County Yes No Margin CMargin
1 Kern 117,584 73,781 43,803 43,803
2 Shasta 49,141 21,655 27,486 71,289
3 Placer 103,192 80,088 23,104 94,393
4 Tulare 63,680 40,640 23,040 117,433
5 El Dorado 58,062 39,743 18,319 135,752
6 Stanislaus 81,456 68,085 13,371 149,123
7 Tehama 15,958 6,186 9,772 158,895
8 Madera 25,638 16,233 9,405 168,300
9 Sutter 20,216 11,484 8,732 177,032
10 Kings 19,710 11,242 8,468 185,500
11 Riverside 362,958 355,630 7,328 192,828
12 Fresno 130,580 123,433 7,147 199,975
13 Yuba 14,839 7,784 7,055 207,030
14 Butte 42,703 35,707 6,996 214,026
15 Lassen 8,532 1,600 6,932 220,958
16 Calaveras 14,559 8,018 6,541 227,499
17 Tuolumne 15,832 9,850 5,982 233,481
18 Amador 12,895 6,957 5,938 239,419
19 Siskiyou 11,282 6,951 4,331 243,750
20 Glenn 6,317 2,479 3,838 247,588
21 Merced 29,926 27,517 2,409 249,997
22 Plumas 5,106 3,008 2,098 252,095
23 Mariposa 5,375 3,376 1,999 254,094
24 Colusa 3,977 1,996 1,981 256,075
25 Modoc 2,508 706 1,802 257,877
26 Del Norte 5,137 3,454 1,683 259,560
27 Inyo 4,128 3,496 632 260,192
28 Trinity 2,699 2,106 593 260,785
29 Sierra 1,064 616 448 261,233
30 Alpine 218 340 -122 261,111
31 Mono 2,186 2,719 -533 260,578
32 Lake 3,728 5,605 -1,877 258,701
33 San Bernardino 282,659 285,596 -2,937 255,764
34 San Benito 9,181 12,595 -3,414 252,350
35 Nevada 25,273 29,702 -4,429 247,921
36 Imperial 12,193 18,210 -6,017 241,904
37 Mendocino 11,870 21,852 -9,982 231,922
38 San Luis Obispo 47,882 59,364 -11,482 220,440
39 Humboldt 15,442 28,810 -13,368 207,072
40 San Joaquin 79,097 94,109 -15,012 192,060
41 Napa 17,747 37,134 -19,387 172,673
42 Yolo 24,273 51,405 -27,132 145,541
43 Santa Barbara 57,355 92,905 -35,550 109,991
44 Orange 547,685 586,457 -38,772 71,219
45 Solano 58,277 97,839 -39,562 31,657
46 Monterey 38,169 80,664 -42,495 -10,838
47 Ventura 136,389 182,158 -45,769 -56,607
48 Santa Cruz 24,188 86,669 -62,481 -119,088
49 Marin 22,701 105,508 -82,807 -201,895
50 Sonoma 45,443 142,866 -97,423 -299,318
51 Sacramento 218,432 327,482 -109,050 -408,368
52 San Mateo 64,250 226,891 -162,641 -571,009
53 San Diego 502,226 671,379 -169,153 -740,162
54 Contra Costa 128,259 321,242 -192,983 -933,145
55 San Francisco 47,053 292,180 -245,127 -1,178,272
56 Santa Clara 166,827 468,486 -301,659 -1,479,931
57 Alameda 108,081 465,901 -357,820 -1,837,751
58 Los Angeles 853,398 2,072,346 -1,218,948 -3,056,699

Each county’s CMargin column is the cumulative margin from the top of the list. By ordering them this way, the Yes margin gets nibbled away as slowly as possible as you move down the list. As you can see, if the Chronicle had ordered the counties this way, they could’ve written an article with the headline “If California was made up of just these 45 counties, Gavin Newsom would have been recalled.”

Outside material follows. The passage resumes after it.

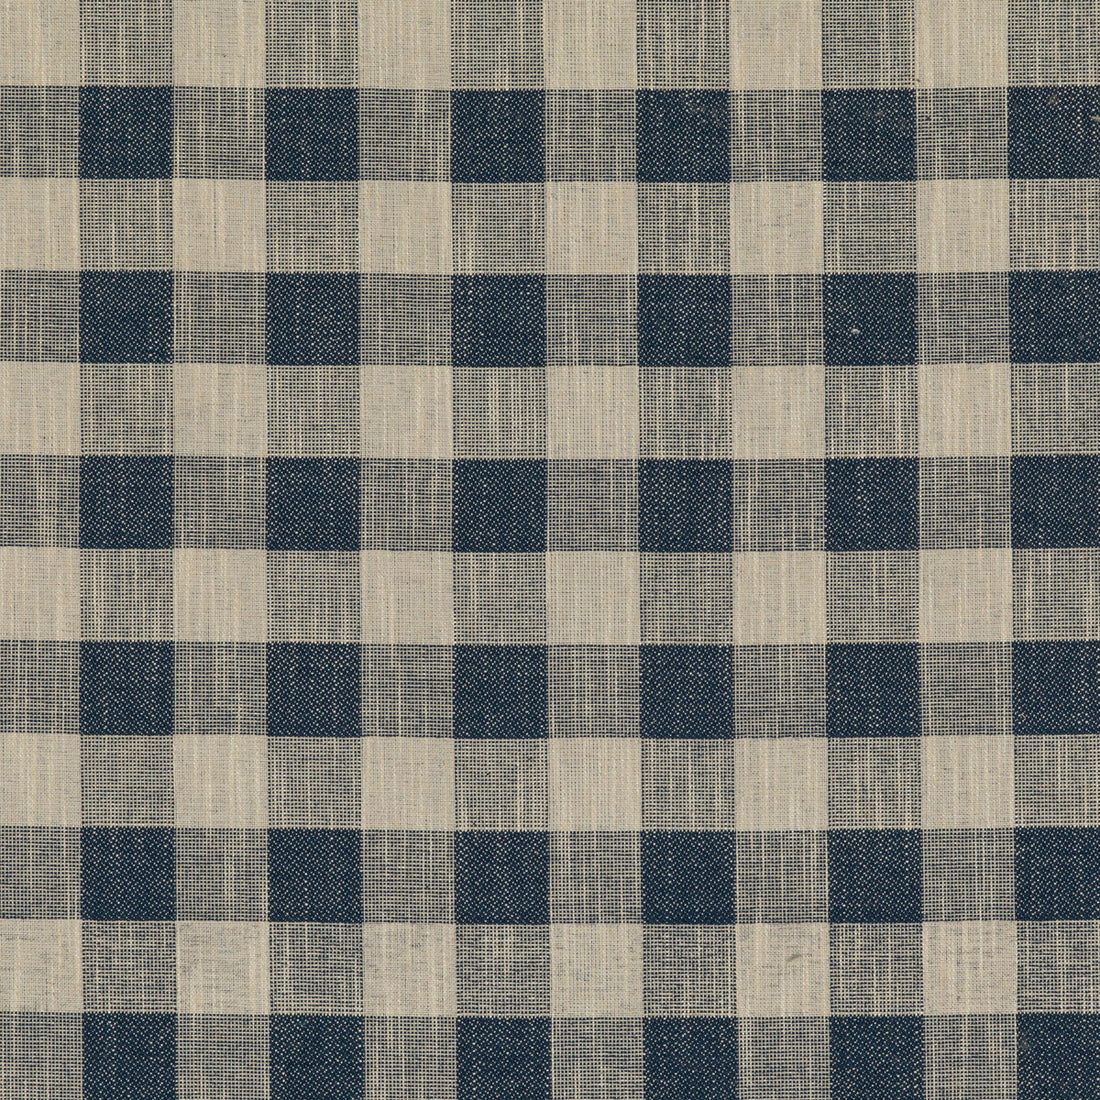 Block Check fabric in indigo color - pattern PF50490.680.0 - by Baker Lifestyle in the Block Weaves collection

And we still wouldn’t be any smarter.


  1. And yes, they’re tinted green, another example of changing the meaning of colors mid-article. 

  2. How long would it take to check all 8.8 quadrillion combinations by brute force? I don’t know, but it’s likely to be hundreds of years, and I didn’t feel like waiting that long.